В Союзе я бы знал, как поступить. Я бы подошел к этим молодым людям и сказал:
— Заткнитесь!
И добавил бы:
— Вон отсюда!
А если надо, треснул бы кого-то по затылку…
А тут я испугался. Языка толком не знаю. Порядков не знаю. Скажут что-то — не пойму. То ли извиняются, то ли дальше оскорбляют. А вдруг стрелять начнут? Может, у каждого — по нагану? Или — бритвой по физиономии…
Советский хулиган — он родной и понятный. Он если бьет, то монтировкой. Или трубой. Или доской от забора. Или пивной кружкой. Или вилкой, на худой конец. То есть — знакомыми, полезными вещами.
А у этого что на уме?..
Короче, сижу, читаю газету. А молодые люди продолжают нарушать. Старуху толкнули. Из горлышка выпили. Транзистор завели на полную мощность. В общем — ничего хорошего…
Читаю газету.
Вдруг поднялся мужчина средних лет. Американец. Худой такой. И ниже меня ростом. Подошел к хулиганам и говорит:
— Заткнитесь!
И затем:
— Вон отсюда.
Чувствовалось, если надо, он может кого-то и по затылку треснуть.
И молодые люди заткнулись. И на остановке — вышли.
А мужчина сел и задремал.
К чему я все это рассказываю? А вот к чему. Я знал все английские слова, которые он произнес. И сам все это мог произнести без акцента.
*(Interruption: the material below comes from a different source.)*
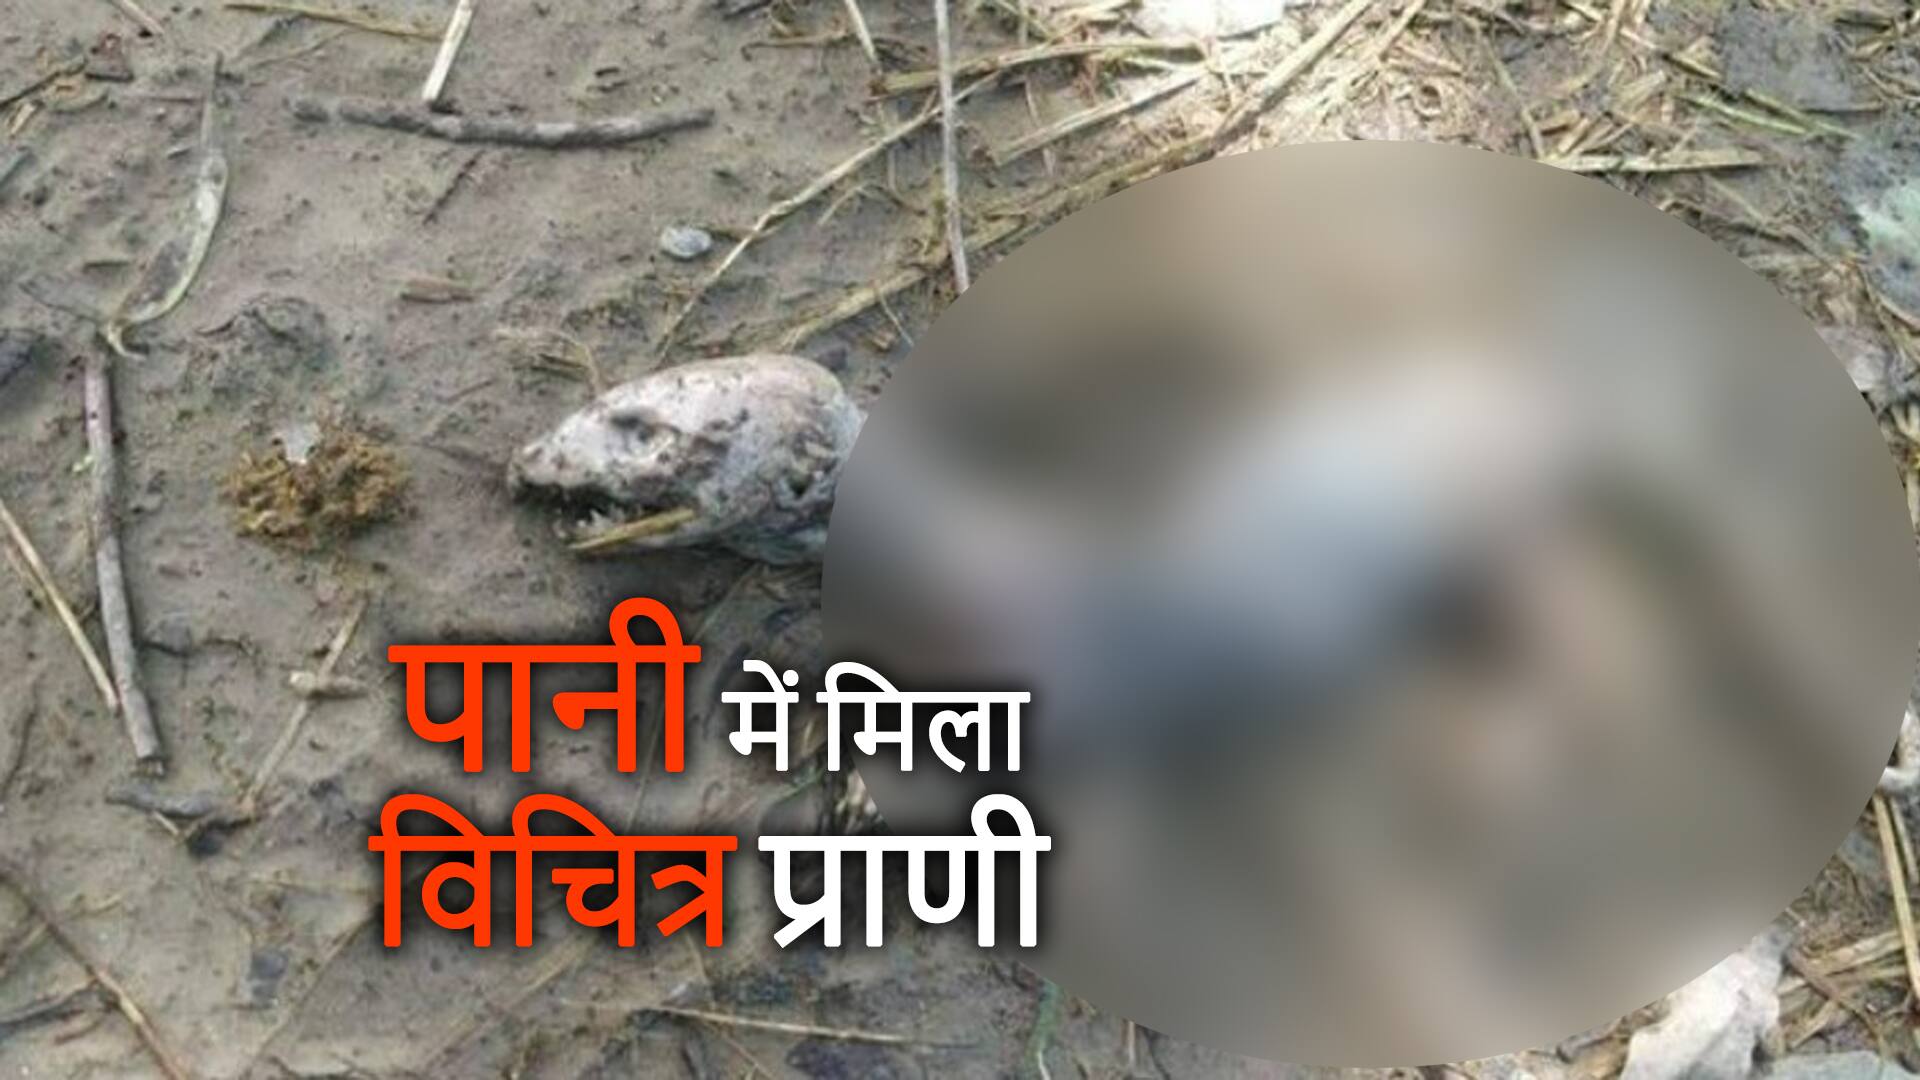 animal like dinosaur found village of saharanpur up

Однако — не произнес. Я газету читал.
Как вы сейчас…
Когда-то я работал на заводе…
Когда-то я работал на заводе. Точнее — в заводской многотиражке.
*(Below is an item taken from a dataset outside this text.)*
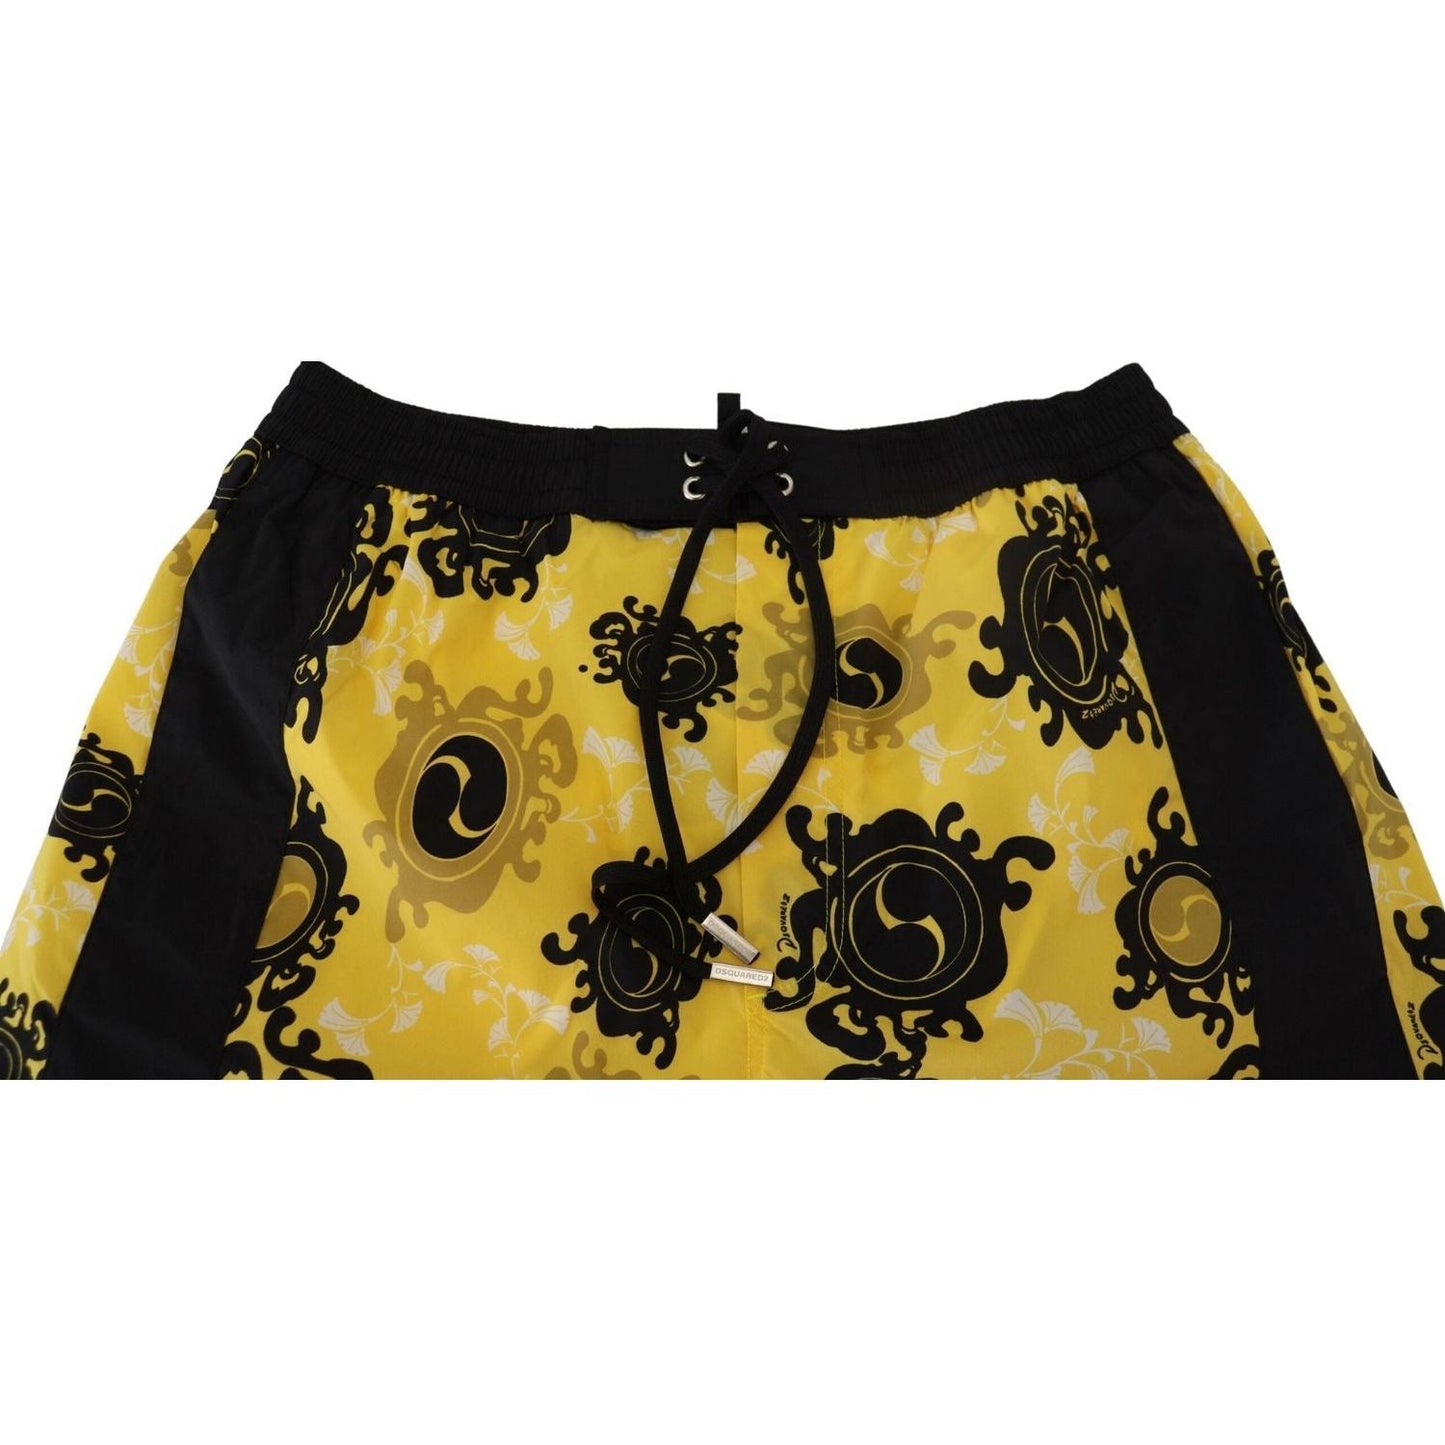 Dsquared² Yellow Block Print Swim Shorts Boxer yellow-black-printed-men-beachwear-shorts-swimwear IMG_5982-scaled-9ac6d03c-7f6.jpg

На этом заводе произошел удивительный случай. Один мой знакомый инженер хотел поехать в Англию. Купил себе туристскую путевку. Начал оформлять документы. Все шло хорошо. И вдруг — отказ. Партком отказался выдать моему знакомому необходимые рекомендации.
Я спросил парторга:
— В чем дело? Ведь мой знакомый — не еврей?
— Еще бы! — сказал парторг.
— Кроме того, он член партии.
— Естественно! — сказал парторг.
— Так в чем же дело? Чего вы его не отпускаете?
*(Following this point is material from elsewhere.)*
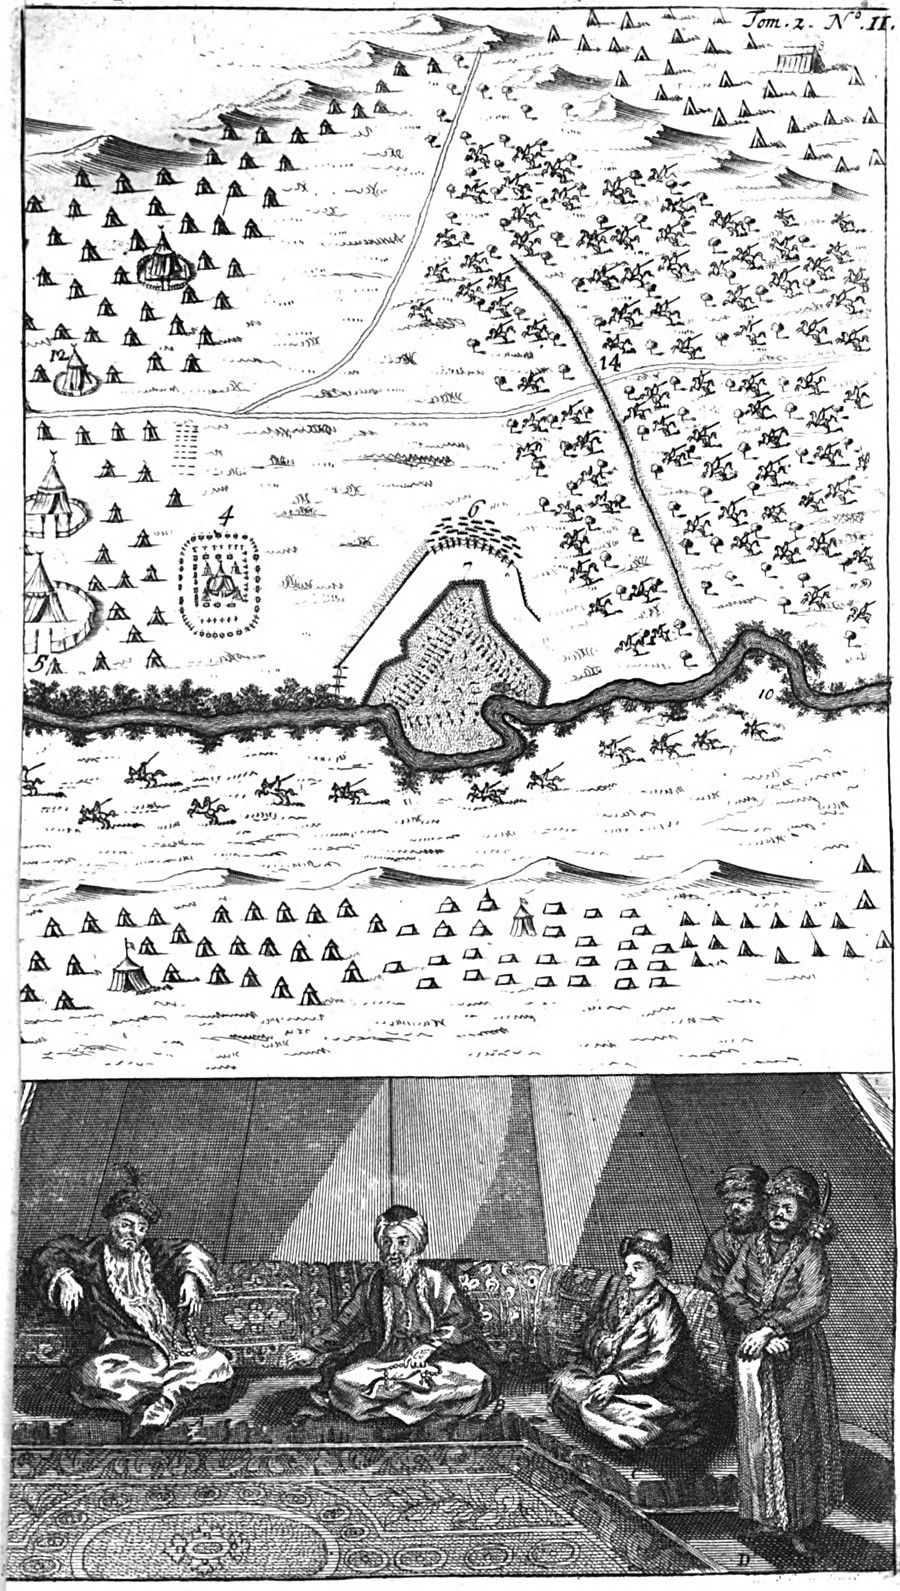 Bataille du Prout. Ilustrasi dari William Hogarth (1697 – 1764) untuk 'Travels' oleh Aubry de la Motraye, 1724.

Парторг нахмурился и говорит:
— Ваш знакомый слишком часто улыбается. И даже смеется. В том числе и на партийных собраниях. Есть свидетели…
— А, — говорю, — тогда понятно…
Улыбающийся человек неугоден тоталитаризму. Смеющийся — опасен. Хохочущий — опасен втройне.
Дома нас окружала тотальная безвыходная серьезность. Вспомните лица парторгов, милиционеров и заведующих отделами. Вспомните лица домоуправов, торговых работников и служащих почты. Вспомните лица членов Политбюро ЦК. Вспомните, например, лицо Косыгина. Беременным женщинам нельзя показывать такие вещи…
Сейчас мы в Америке. Строим новую жизнь. Реализуем изначальные демократические права. Право на собственное мнение. Право на материальный достаток. Право на творчество… И так далее.
И еще. Мы осуществляем великое человеческое право на смех и улыбку.
Смеемся над велеречивой тупостью и змеиным ханжеством. Над лжепророками и псевдомучениками. Над президентами и рыцарями велфейра…
Шесть месяцев выходит наша газета. Шесть месяцев я то и дело слышу…
— И чего вы смеетесь? Над чем потешаетесь? Такие несерьезные… В Камбодже — террор. В Афганистане — трагедия. Академик Сахаров томится в Горьком… И вообще, мир на грани катастрофы!..
Да, мир на грани катастрофы. И привели его к этой грани — угрюмые люди. Угрюмые люди держат в плену заложников. Угрюмые люди бесчинствуют в Камбодже. И гордость России, академика Сахарова, мучают тоже угрюмые люди.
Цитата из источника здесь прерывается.